While discussing my dilemma with my sister, she brought up the idea of traveling to Spain as an alternative to Argentina. The two countries had obvious similarities; Spanish language, warm weather, rugged landscapes, and fascinating cultures. On the other hand, there was also glaring dissimilarities; different continents, moderately sized country compared to a massively sized country, and completely different histories, although they were obviously tied together. It was during this conversation with my sister that Spain began to appeal to me for several different reasons; I could taste the churros con chocolate as she described their delicious crunch to me, I could see the colorful and playful lines of Gaudi's architecture, I could hear the rhythmic sound of Flamenco music dancing through my ears, and I could feel the warm sun warming my body. All of this sounded so fascinating and exciting to me. In addition, the fact that I found relatively decent priced airlines tickets to Spain and that accommodations within the country were much less expensive than compared to the rest of Europe really caught my interest.

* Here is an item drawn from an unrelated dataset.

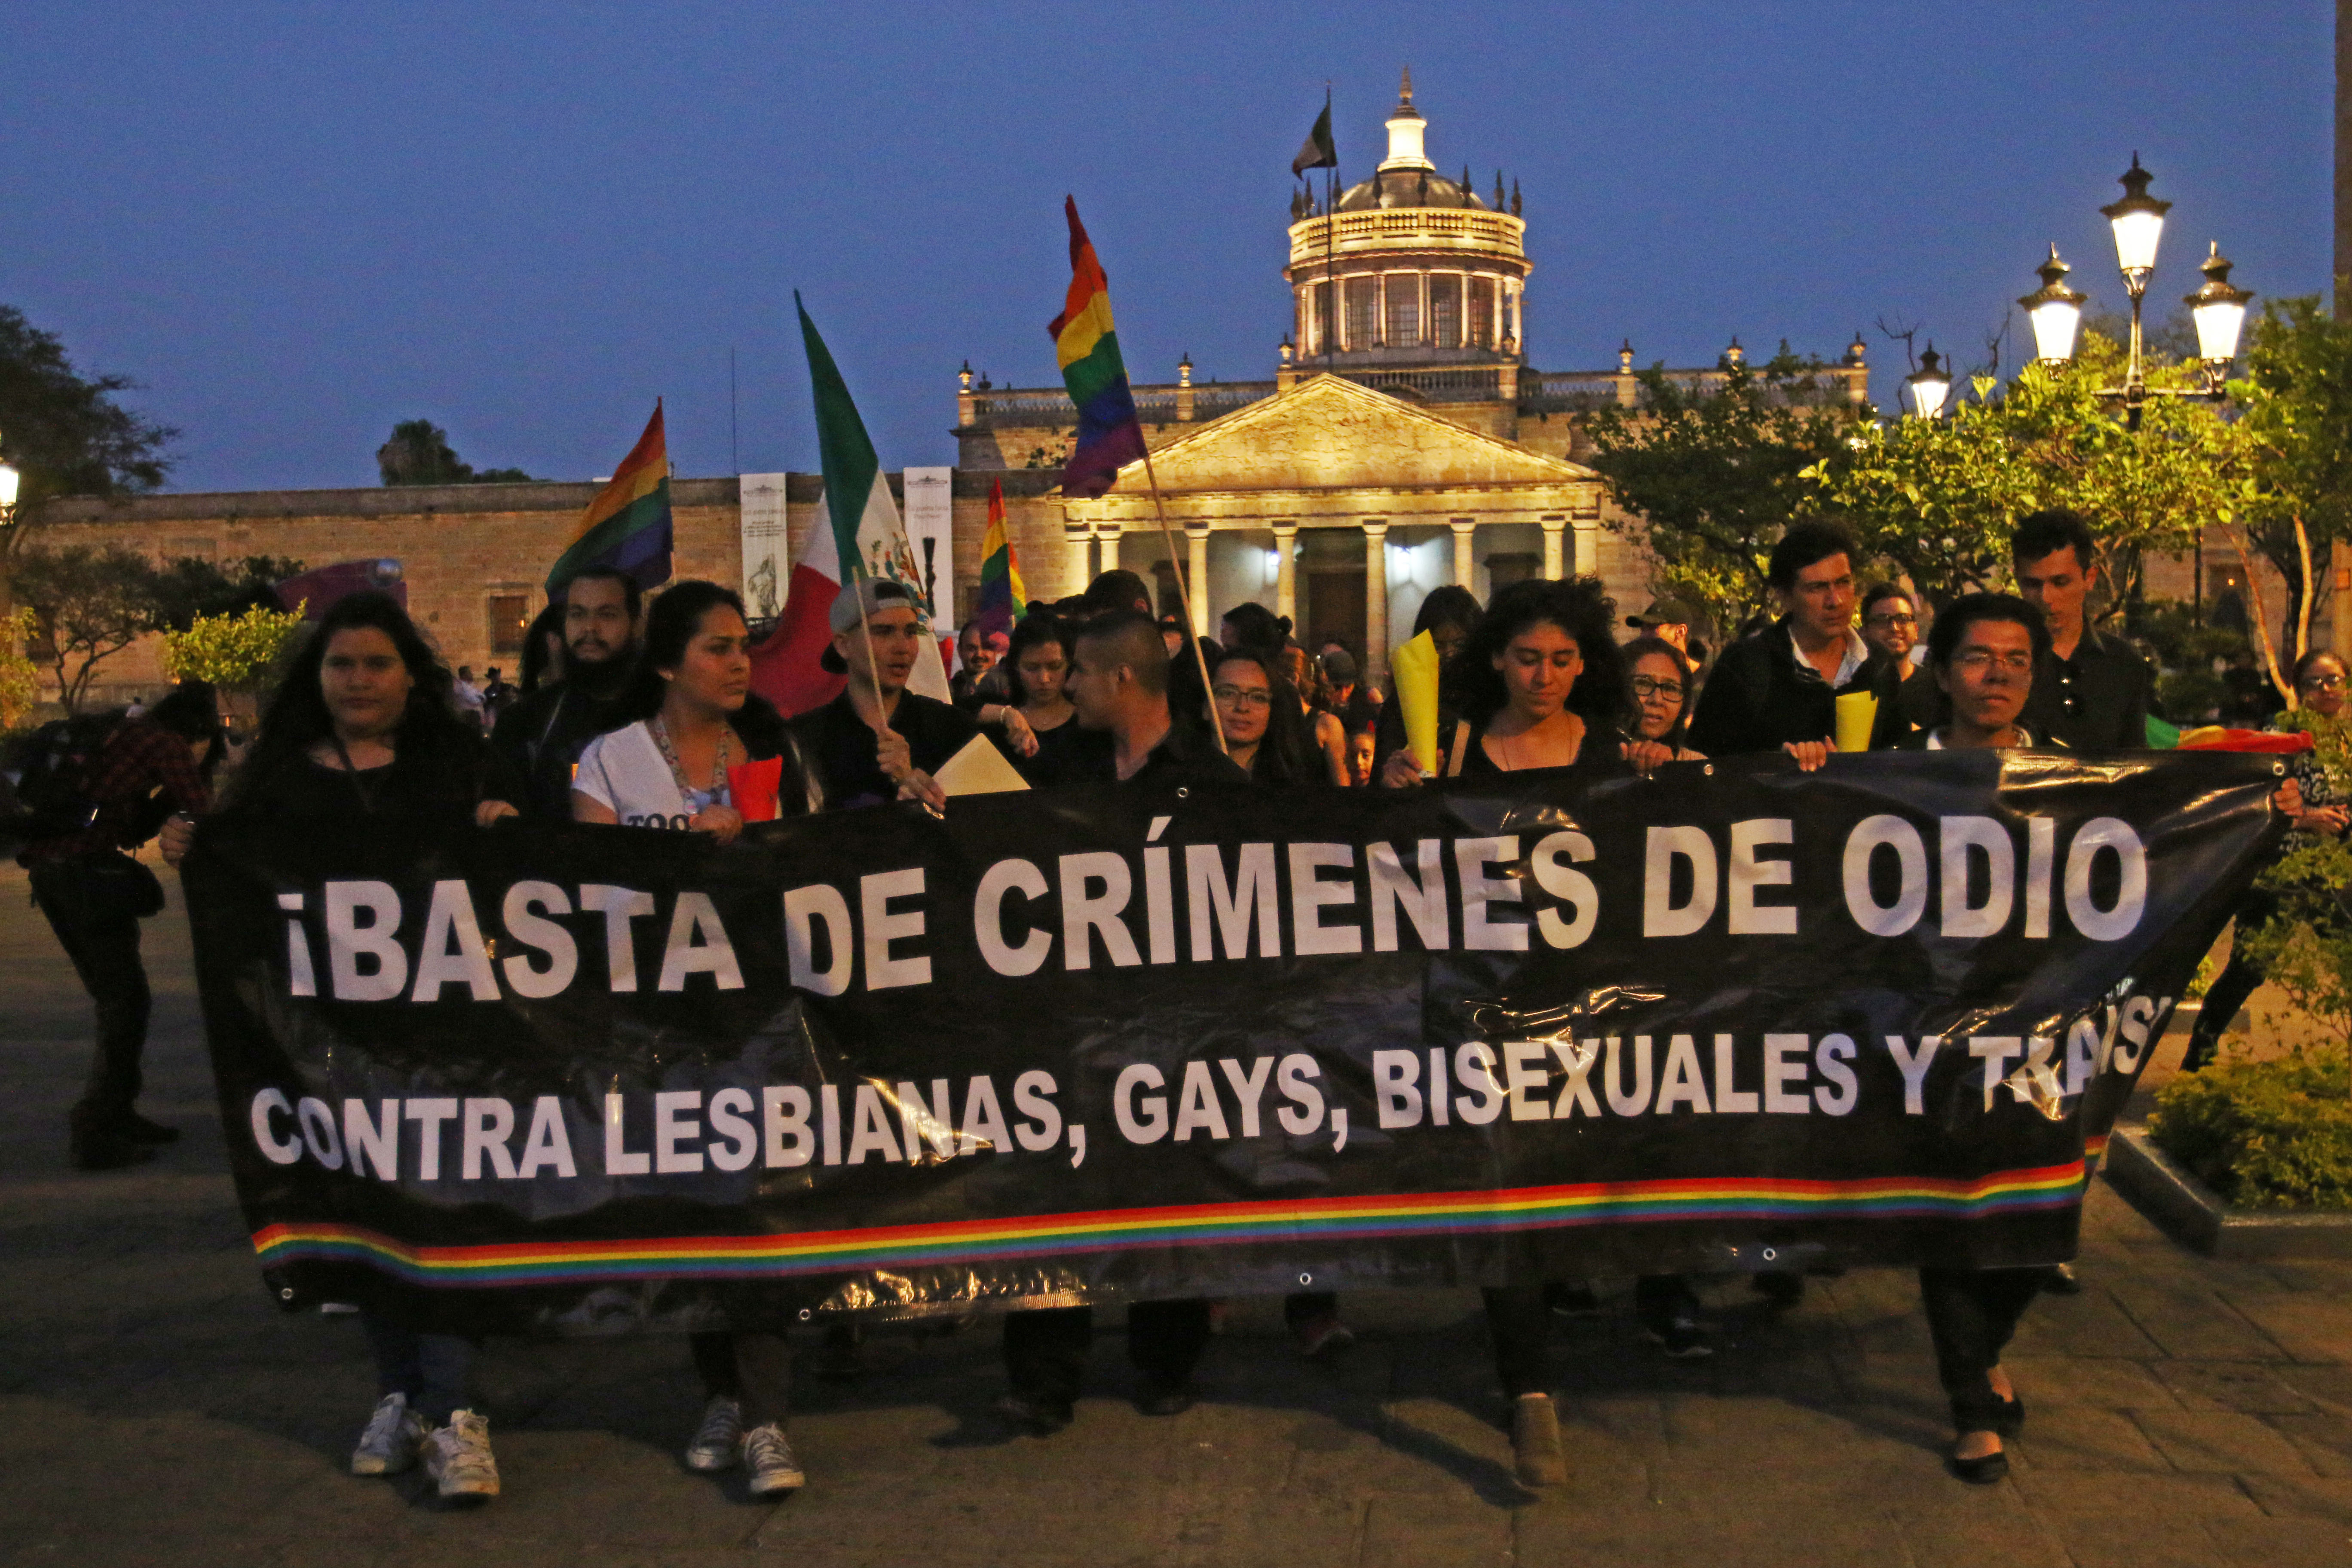 GUADALAJARA, JALISCO, 17MAYO2016.- Esta noche para conmemorar el día nacional de la lucha contra la homofobia, decenas de personas de la comunidad LGBT del estado, realizaron una marcha denominada del “Silencio”, saliendo del Instituto Cultural Cabañas hacia Plaza de Armas.FOTO : FERNANDO CARRANZA GARCIA / CUARTOSCURO.COM

After adding all of the associated costs together (airfare, lodging, food and sightseeing estimates, car rental, etc) for two weeks in Spain compared to Argentina, the trip to Spain actually came out less, believe it or not. As soon as I could see that it was cheaper to travel to Europe than South America, the choice to travel to Spain became a no-brainer. I immediately began planning my two week trip, ultimately deciding to visit Barcelona, Granada, the white hill towns of Andalusia, Sevilla, Cordoba, Toledo, Segovia, and Madrid. Entries for this trip will be divided into separate entries according to the areas listed above.

Day 1 and 2 (Tuesday, March 24th and Wednesday, March 25th 2009)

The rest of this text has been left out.